In other words, it can find the file; it just doesn't like where it's finding it. It seems like Mustache takes /opt/catalina/bin as the application's root, while the template file is actually at a path more like: ~/NetBeansProjects/MyProject/WEB-INF/template_file.mst.
The Mustache code looks like this (just so you can check my reasoning):
try {
// Check to make sure that the file is under the file root or current directory.
// Without this check you might accidentally open a security whole when exposing
// mustache templates to end users.
File checkRoot = fileRoot == null ? new File("").getCanonicalFile() : fileRoot.getCanonicalFile();
File parent = file.getCanonicalFile();
while ((parent = parent.getParentFile()) != null) {
if (parent.equals(checkRoot)) break;
}
if (parent == null) {
throw new MustacheException("File not under root: " + checkRoot.getAbsolutePath());
}
// [Try-catch block continues...]
I found the Mustache code online at the following URL:
https://github.com/spullara/mustache.java/blob/00bd13145f30156cd39aaad7ab046b46b1315275/compiler/src/main/java/com/github/mustachejava/resolver/FileSystemResolver.java#L50
My hypothesized solution
I'm guessing there must be some way to configure the application in NetBeans, when I'm choosing and configuring the server, to reconcile this issue. What I have tried is googling variations of Mustache NetBeans servlet "File not under root" exception and so forth, and nothing much comes up. I'm guessing that I don't even know enough about NetBeans to know what key words I should be searching with. It's even possible that I've found the solution, but don't recognize it when I see it.
Does anybody know what I might try? Thanks.
you can use the other overload API instead
Mustache compile(Reader reader, String name);
just like this and you can prefer to put the mustache template file anywhere
File f = new File(templateFilePath);
Mustache mustache = mf.compile(new InputStreamReader(new FileInputStream(f),Charset.forName("UTF-8")),f.getName());
Where to put the template file?
I solved this on my own, though I solved it by doing something better with the template file. Originally, I was putting the template file in the WEB-INF directory and then building the path to the file using the servlet context. That doesn't seem like best practice.

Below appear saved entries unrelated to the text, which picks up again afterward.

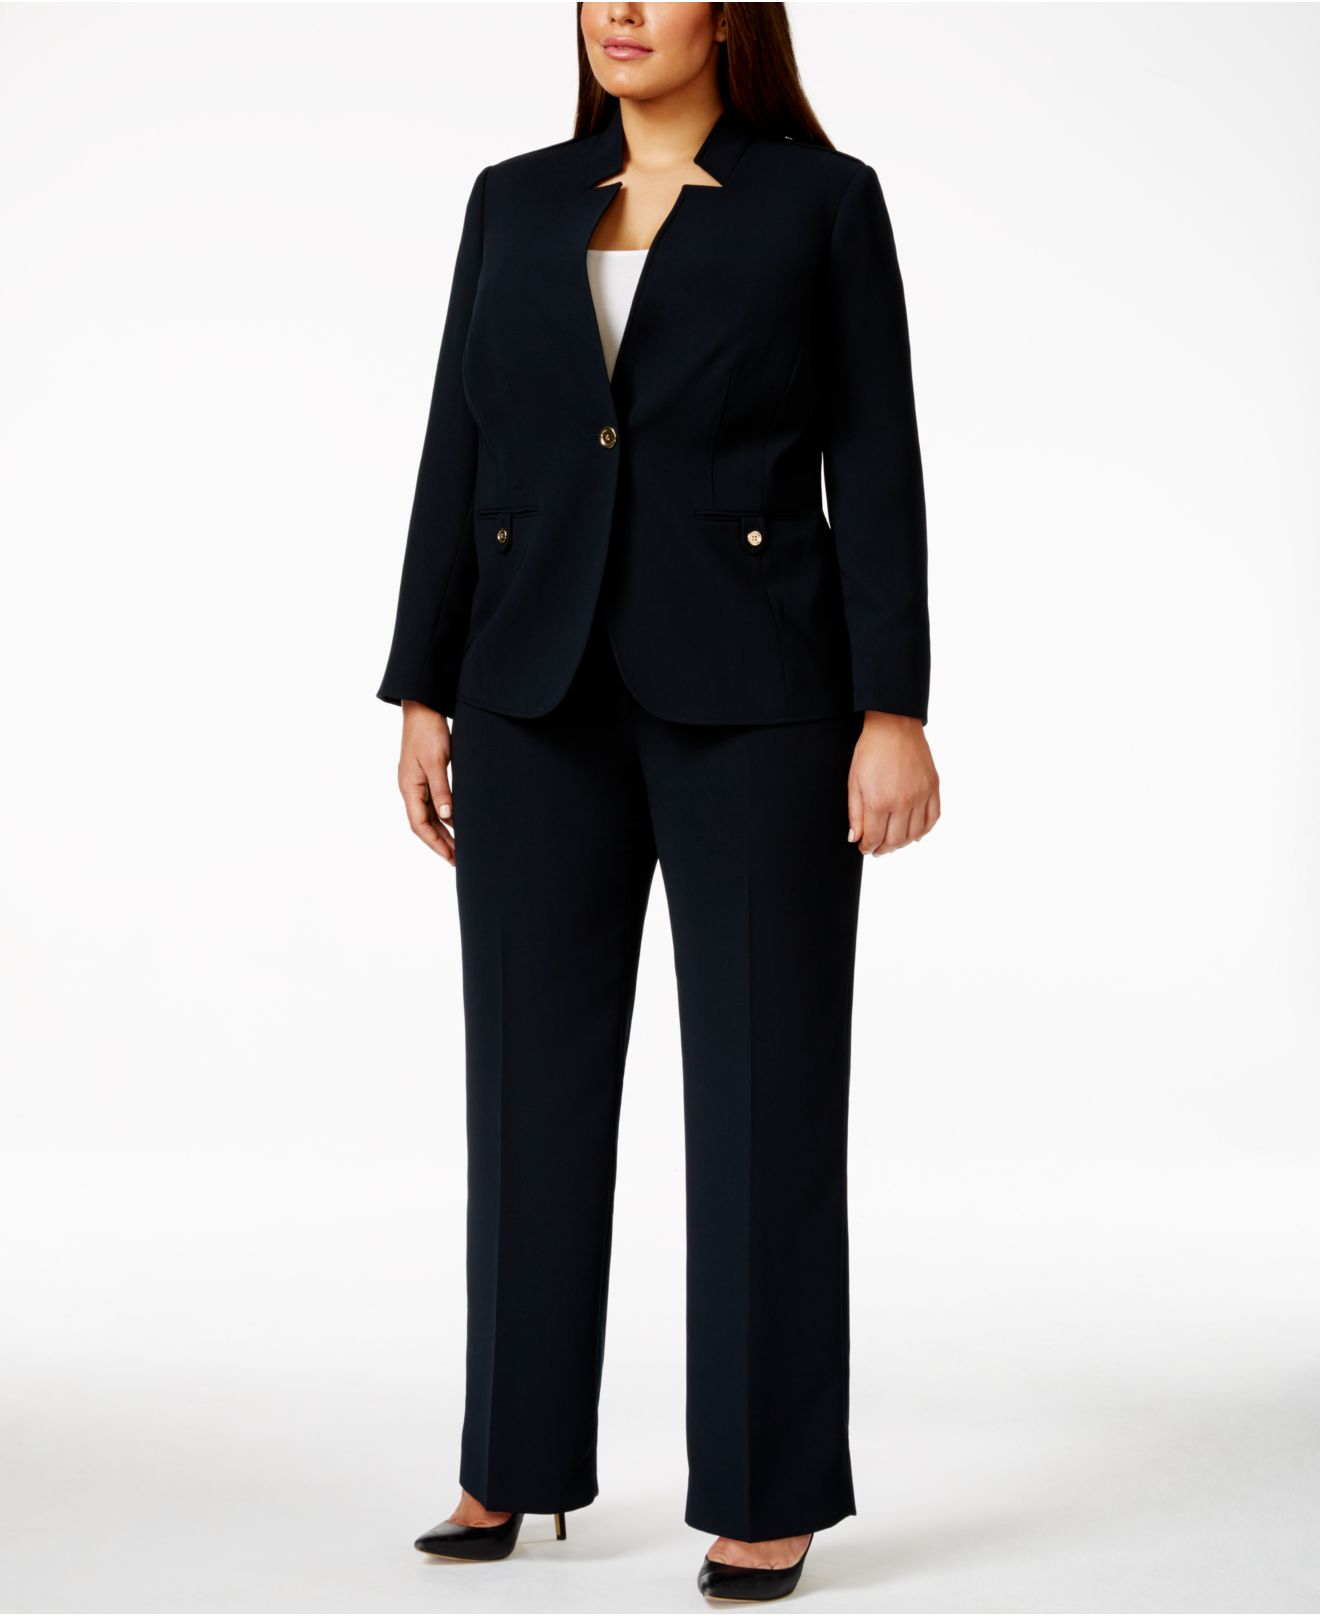 Tahari Plus Size Military-style Jacket Pant Suit in Blue | Lyst
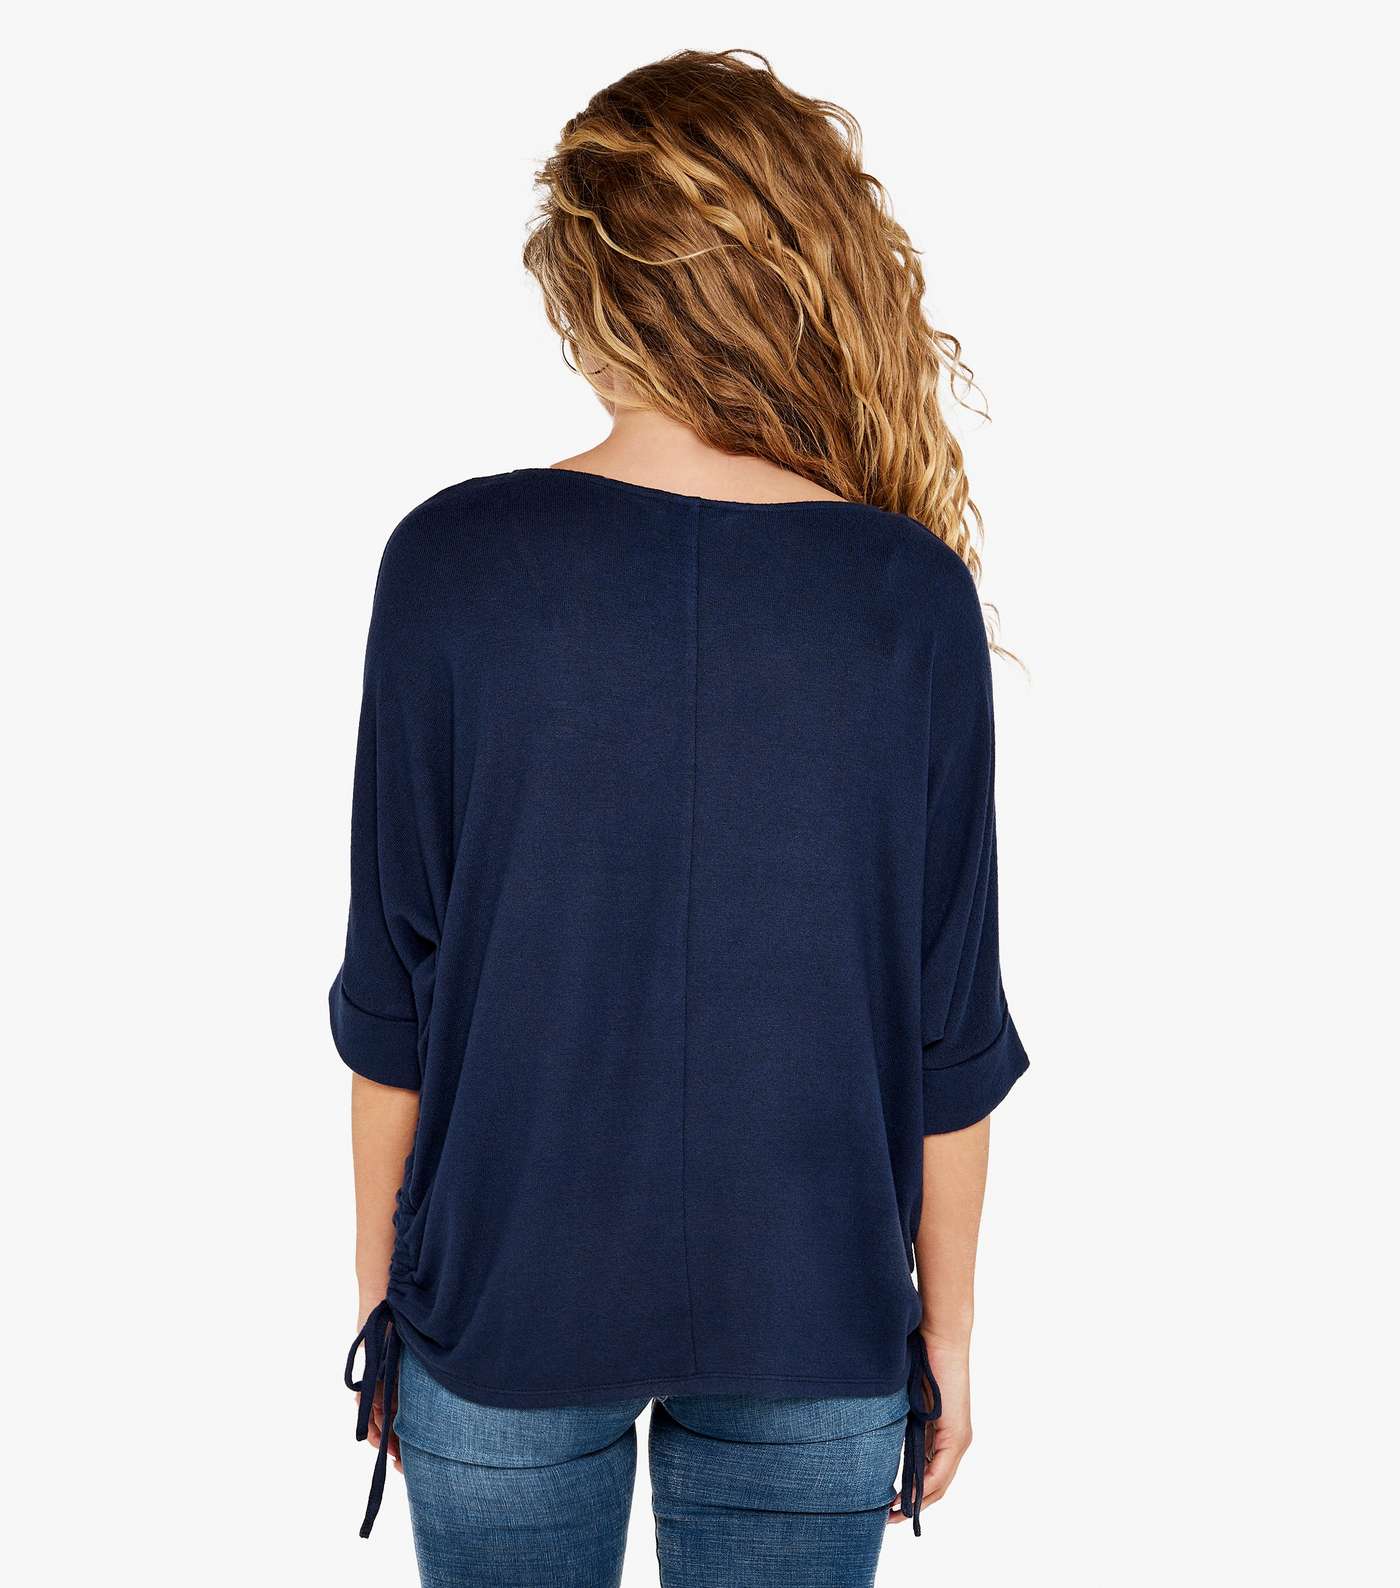 Apricot Navy Soft Touch Ruched Side Batwing Top Image 3
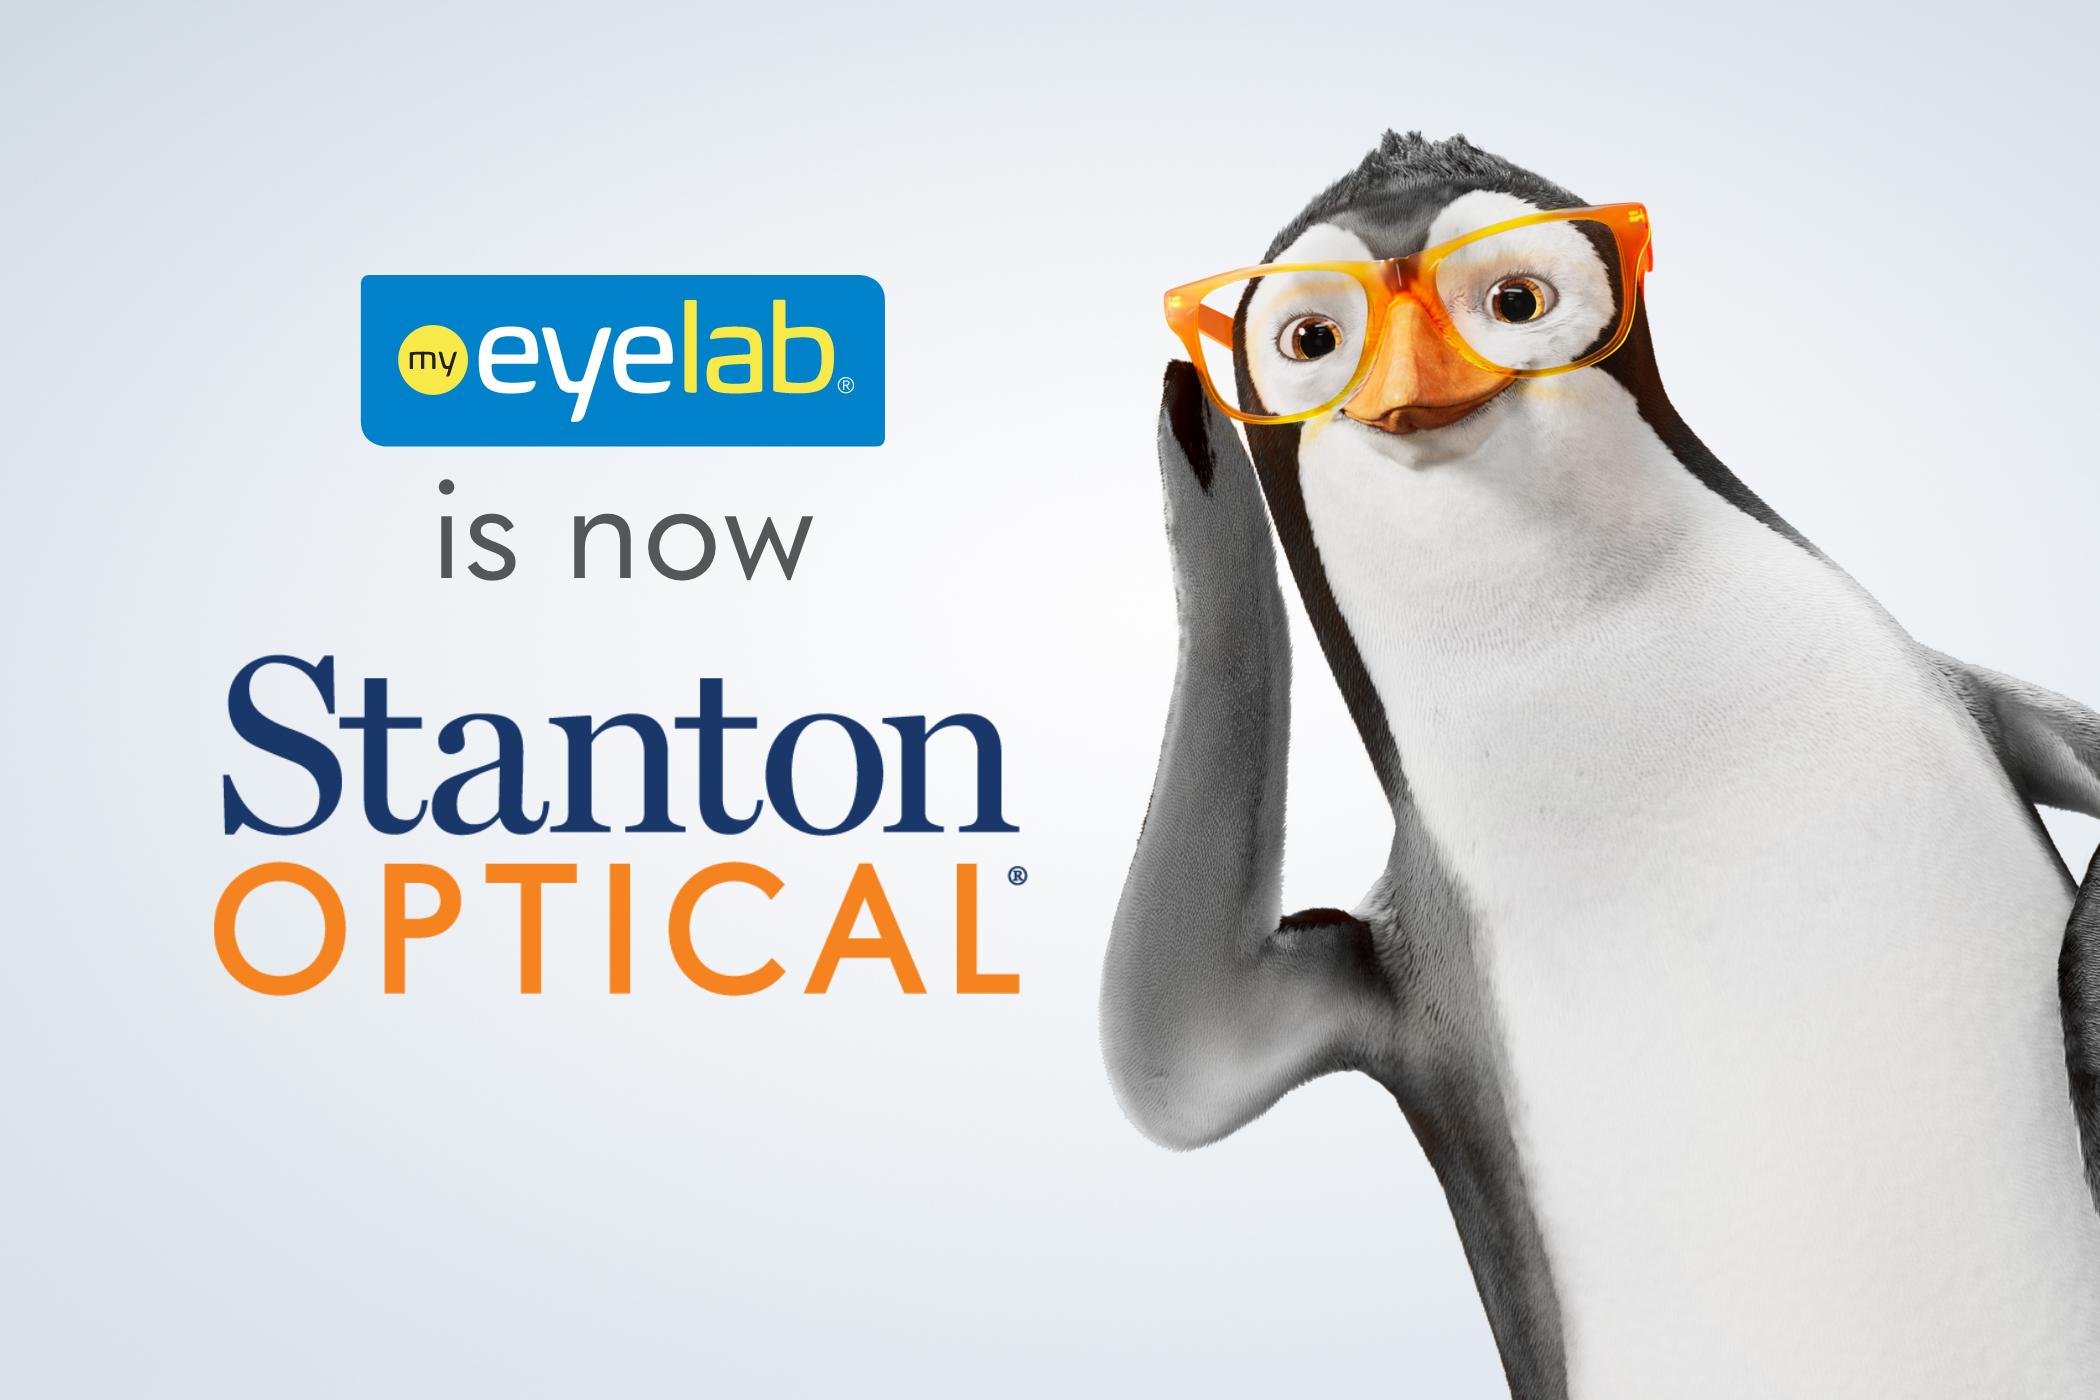 My Eyelab is now Stanton Optical! Check out our perks in addition to faster service and better value Stanton Optical Richardson (469)830-2949

Taking another look at the Mustache source code I realized that Mustache first tries to use the classloader to get the file. If you let Mustache do it in its preferred way, you don't need to give the full path, only the file's name. But the classloader only looks in certain places, the WEB-INF/lib directory being one. A number of people on the Web recommend putting the Mustache template in the WEB-INF/lib directory.
Since mine is a Maven project, I moved my template file to the src/main/resources directory. (In NetBeans, this is "Other Sources" in the Projects pane.) At build, Maven takes anything in there and dumps it into the WEB-INF/lib. I then only had to change my source code to use the file name, instead of the real path to the file (as I had been doing). Everything works.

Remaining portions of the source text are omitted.